On 6/21/26 12:46, Paul Leiber wrote:
Am 21.06.26 um 06:47 schrieb David Christensen:
Do you own a power supply tester?
... I will put a test of
the power supply on the list of things to try.
Good.
Does your computer have ECC memory?
Yes, it does have ECC memory.
Good.
I will put the memory test on the list as well.
Choose your testing tool and methodology carefully -- memtest86
(commercial) vs. memtest86+ (FOSS), memory correction report logging to
motherboard firmware vs. operating system, etc.. See this thread and
research carefully:
https://lists.debian.org/debian-user/2026/05/msg00386.html
Have you tested your hard disks?
Both disks are monitored via smartctl.

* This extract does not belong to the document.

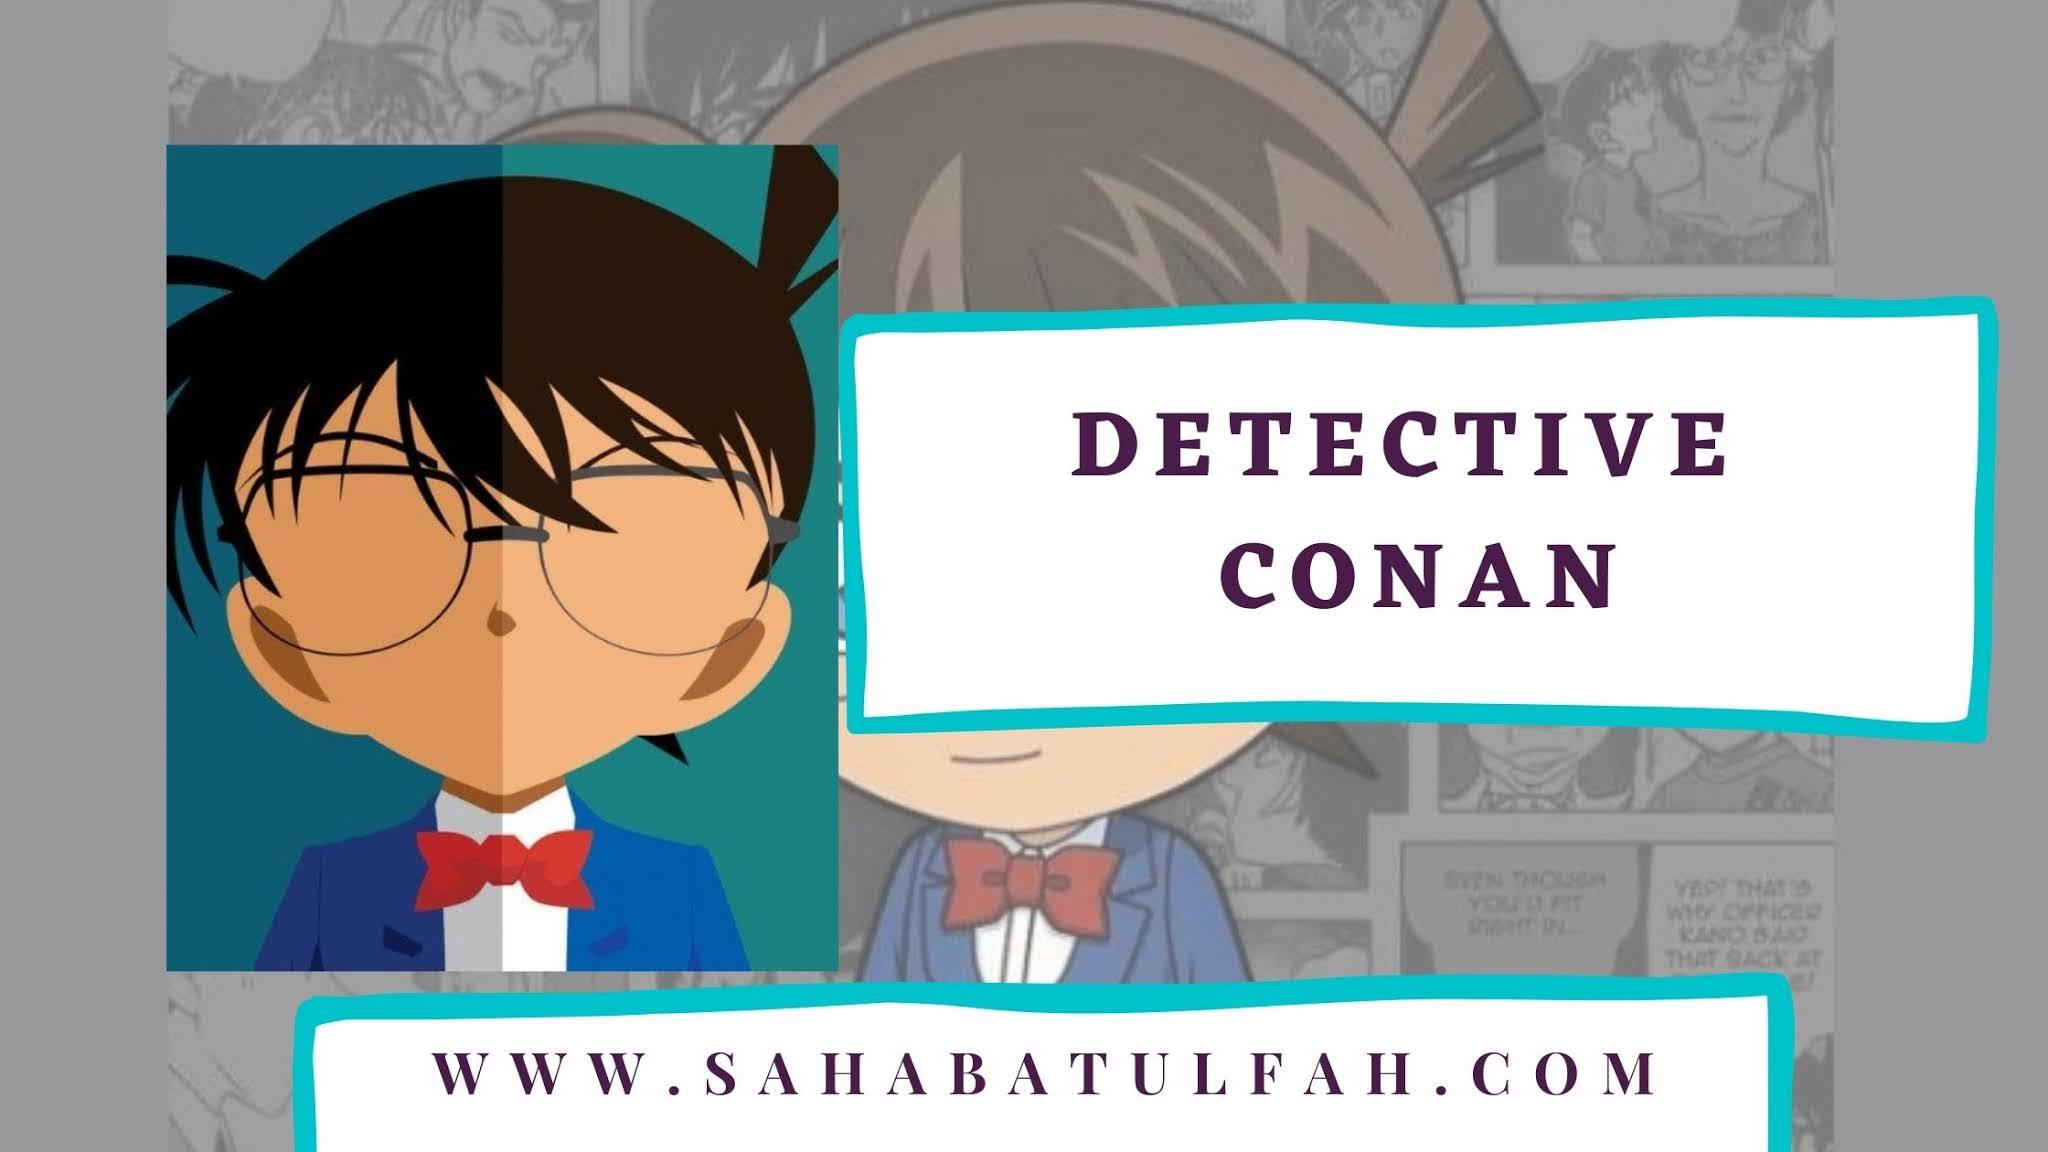 Komik-yang-Detective-Conan-Dengan-Penuh-Kisah-Misteri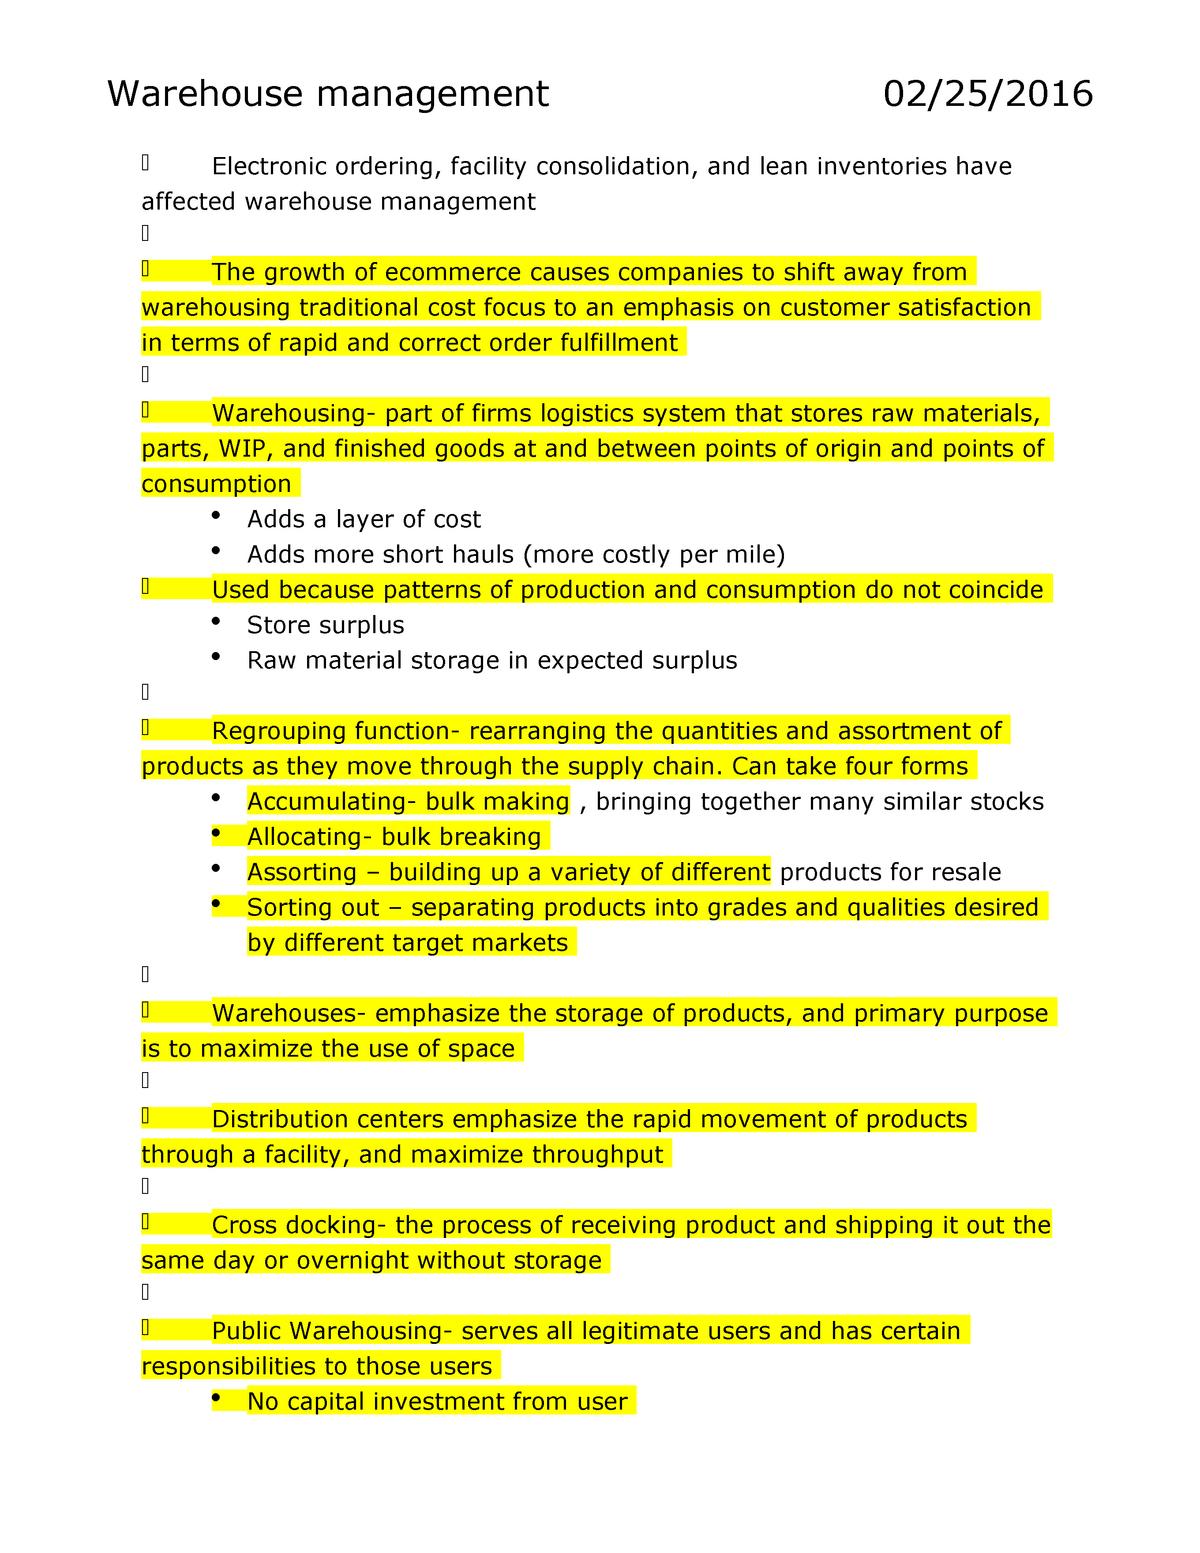 Chapter 10 - Summary Logistics Management - BUSML 3380 - StuDocu

Automated short and long tests
are being done regularly. There are no indications for hardware failure
in the smart data.
Good.
Have you validated the filesystem with fsck.xfs(8)?
I just did a check of the file system (using xfs_repair -n), with no
errors reported.
Good.
Do you have streams of database transactions since the last known good
backups? If so, can they be replayed?
Not exactly knowing what such a stream is, I guess I don't have one. But
I am not sure. Will check.
Good.
Can you switch the databases to read-only, shutdown, disconnect the
first disk, boot, backup the database(s), shutdown, connect the first
disk, disconnect the second disk, boot, backup the database(s),
shutdown, and connect the second disk?
That's a good suggestion. I will need to check what booting with just
one disk could do to the BTRFS filesystem, but this might be a way to
force md to use the disk which is currently indicated as failed.
Is your OS on the btrfs mirror? I have found that putting the OS on a
dedicated SSD makes operations, maintenance, trouble-shooting, disaster
preparedness/ recovery, etc., much easier.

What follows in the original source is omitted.